# Squatters Needed to Maintain Library



## Cornelius Vango

Well, some fortuitous events have led me to wanting to go and buy myself a farm. I've been running an off-grid library in the famous squatter town of Slab City, and I don't want to just abandon it.

The Library has been the home of the last two STP gatherings and may possibly host more in the future. It's a beautiful spot. What I need is people who are willing to sit over the (very) hot season and make sure tweakers don't steal everything. There isn't much required other than to monitor the space... I'm not accepting just anyone, but if you are interested hit me up. The facilities are good, we have a trailer that is fitted with air conditioning to help you not die... We will do our best to have a generator available. 

This Library is completely off-grid in an anarchist squatter town in the desert. It is also a great home-space and a functioning library with a bar. You can make a meager living off of this place if you keep cold beers and hand-made crafts on hand to sell to tourists and locals... 

I haven't fleshed this idea out too much, I'm sure that the idea will evolve over this winter season.


----------



## Rob Nothing

Where are you thinking to buy? Or is that still just the general framework / idea for the time being? your videos are inspiring.


----------



## Cornelius Vango

I would be coming down to stay for a week or so at a time to train people in and check on the operation periodically... there's a lot to it, and I wouldn't want to just leave you to suffer on your own


----------



## Cornelius Vango

Well, I've got my eye on Washington state, near the coast would be preferable, but that's another thread


----------



## Rhubarb Dwyer

So fucking tempting. This is something I would love to do. I paid close attention to how y'all do it. 

Can't quite commit to this just yet. Maybe the following generation. 

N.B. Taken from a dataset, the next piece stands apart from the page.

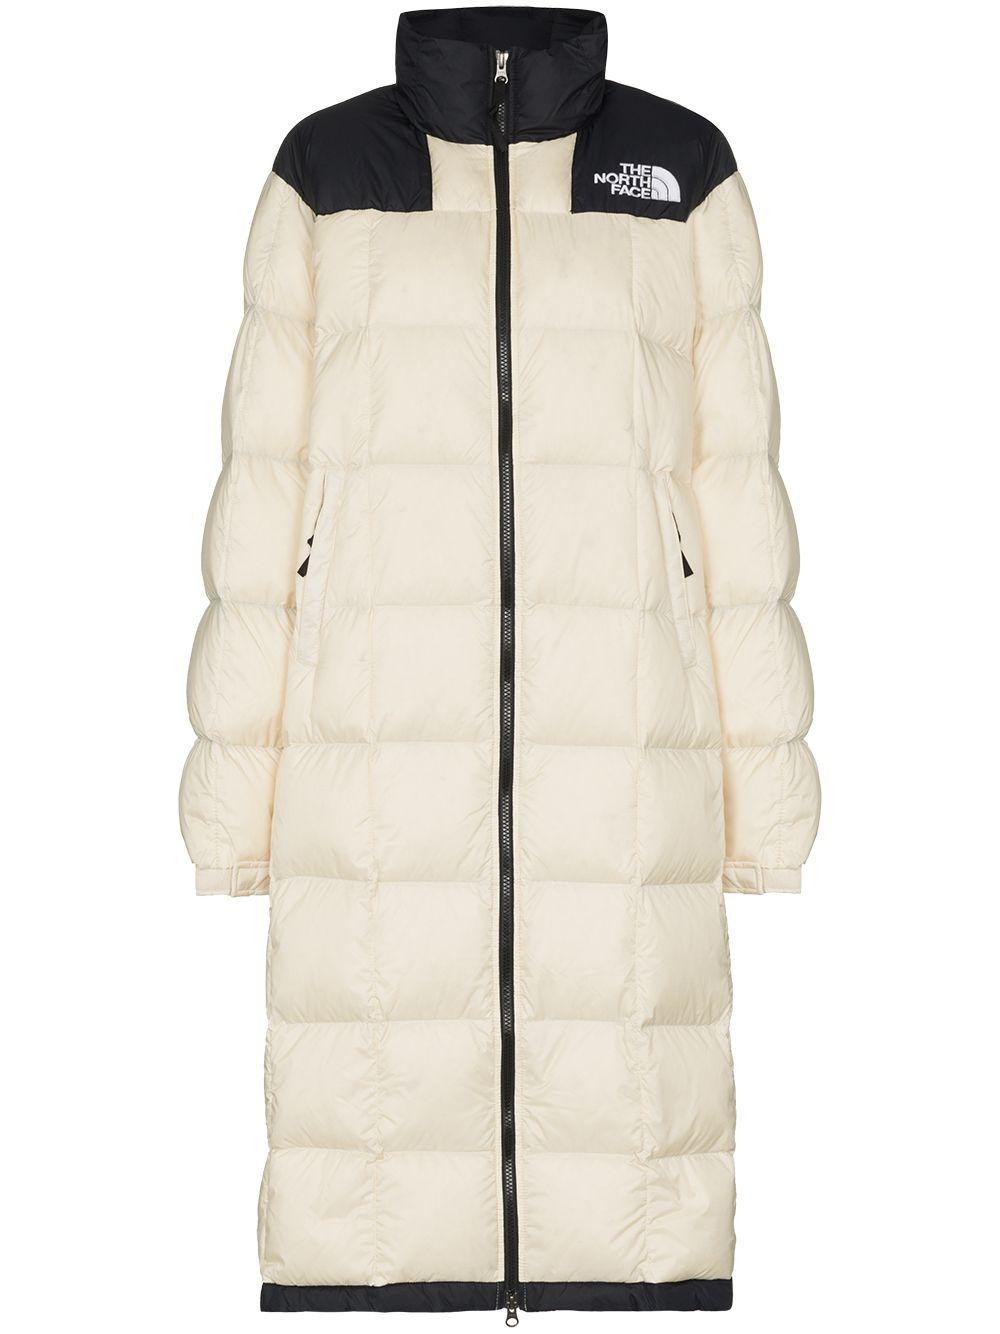 The North Face Lhotse Long Puffer Coat Farfetch Long Puffer Coat North Face Coat Puffer Coat [ 1334 x 1000 Pixel ]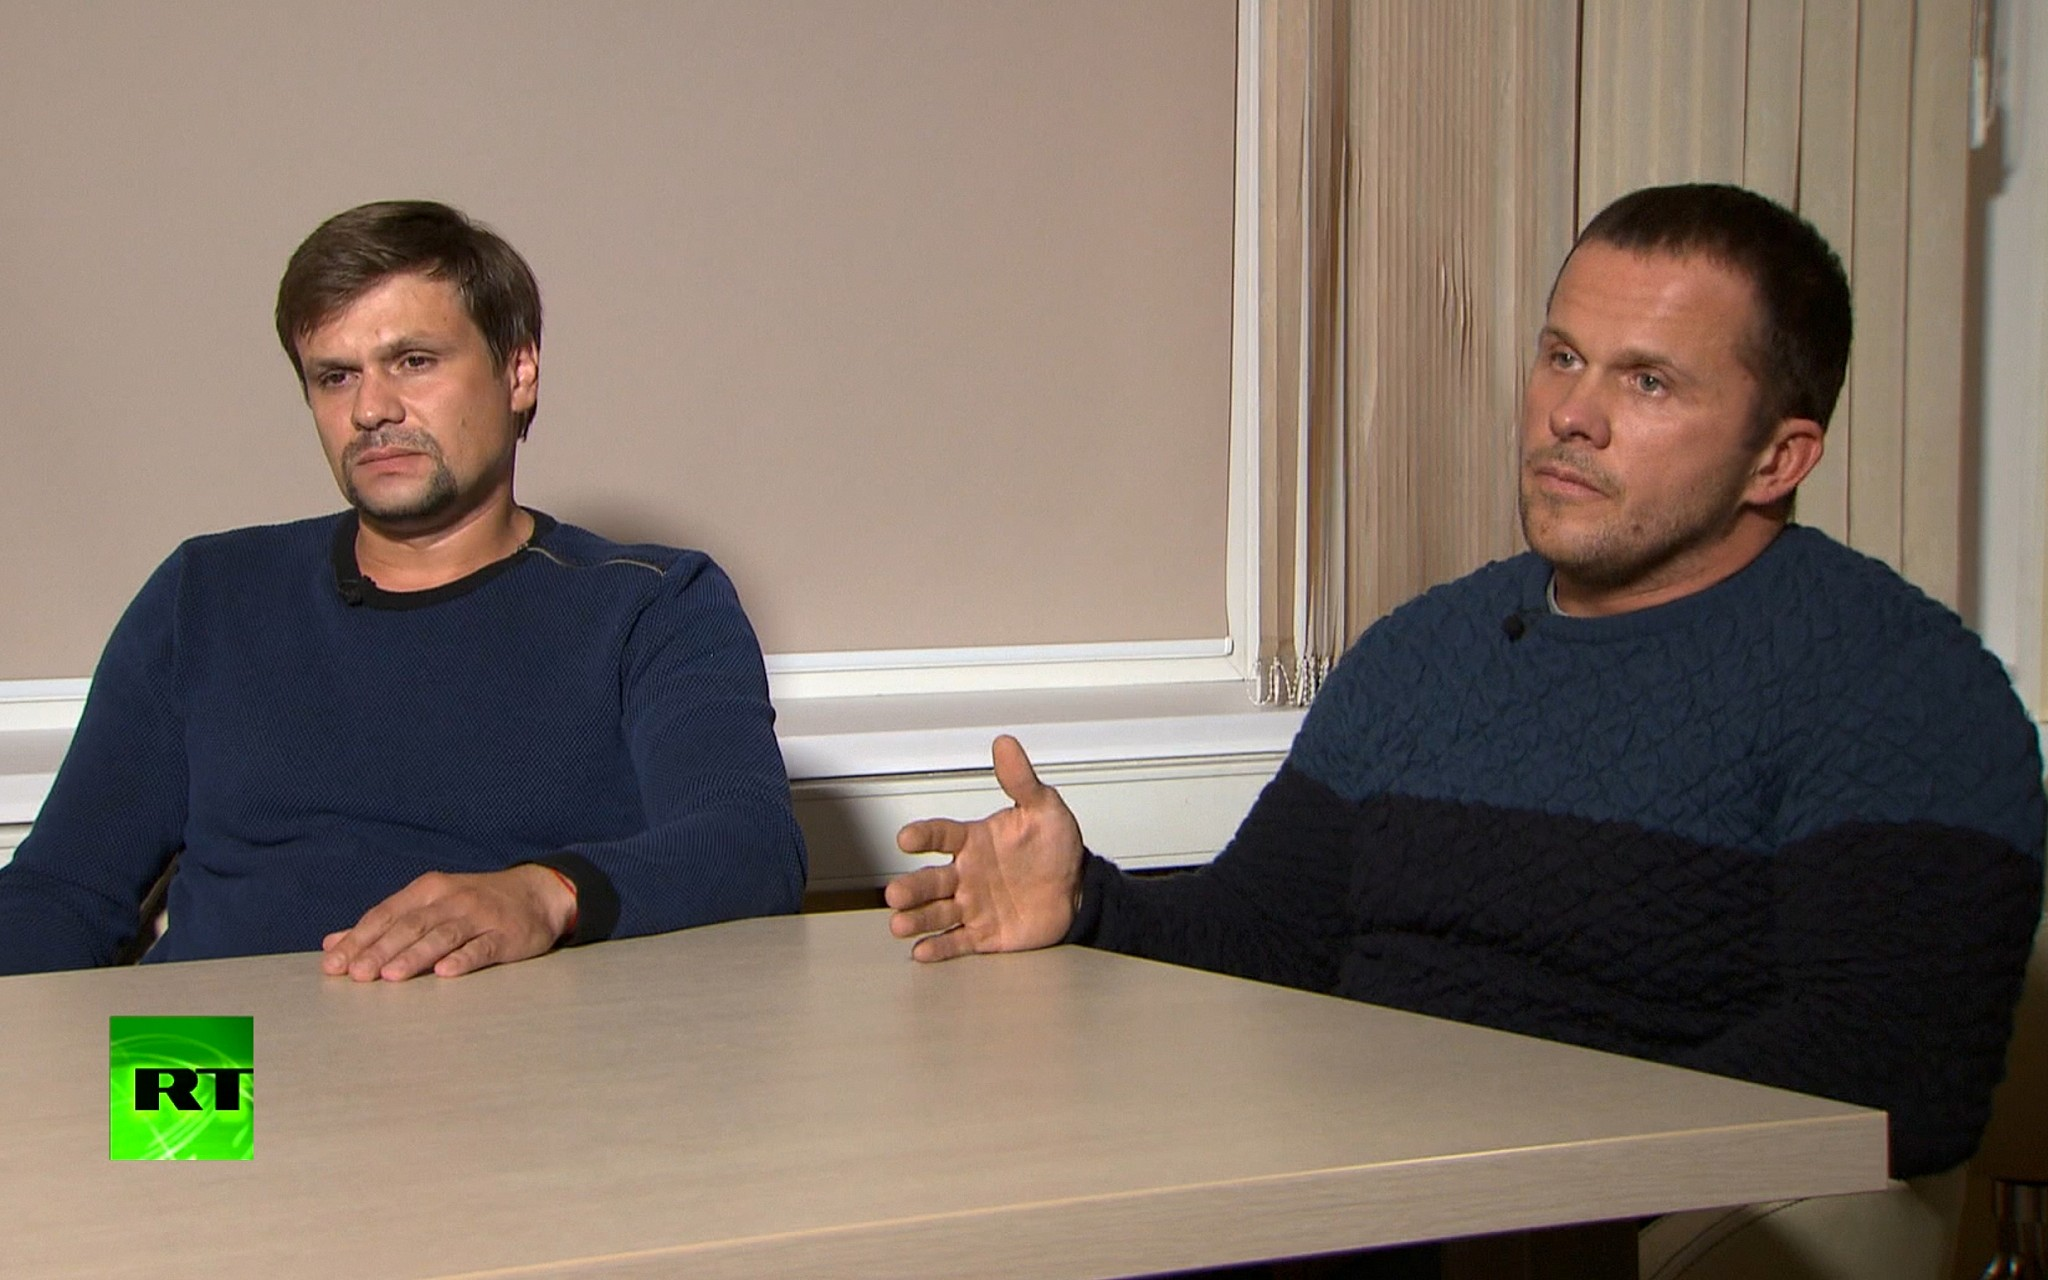 Petrov, Boshirov, Colonel Chepiga. And who do you actually believe 30

Thanks again for the chance to experience your space/time/company. Way to hold it down. Looking forward to hearing what comes next for you.


----------



## Cornelius Vango

I'm definitely not looking to abandon the space. I just need some people who are tough enough to hold it down for a month or so at a time while I help start our farm.


----------



## autumn

I just got to Virginia, I've got a gig lined up for $1200/mo. I'm saving up money, then getting a Toyota Chinook or Sunrader, and my partner and I are going to the west coast. We were thinking about posting up in San Diego anyway, so this would definitely be doable next summer if you still need to help then.


----------



## tacology

I'm headed to the West Coast in a month, Slab City specifically.

I would be able to lend my hand over the winter months.

I can offer to build, clean, keep out the tweakers, and run it. Pretty much whatever has to be done.

I've worked in a library doing security before.


Sent from my iPhone using the Squat the Planet mobile app!


----------



## marmar

I will be down for a month or less next summer


----------



## SnakeOilWilly

I'm free after mid-January. That's about when I can leave. Getting to the slabs isn't an issue nor is the heat, I can handle that. I guess the main issue with me is if you can hold out there to late January/early February. You didn't say when you'd get the farm so I assuming you aren't sure, though if you are let me know so I know if the deadline is before or after mid January.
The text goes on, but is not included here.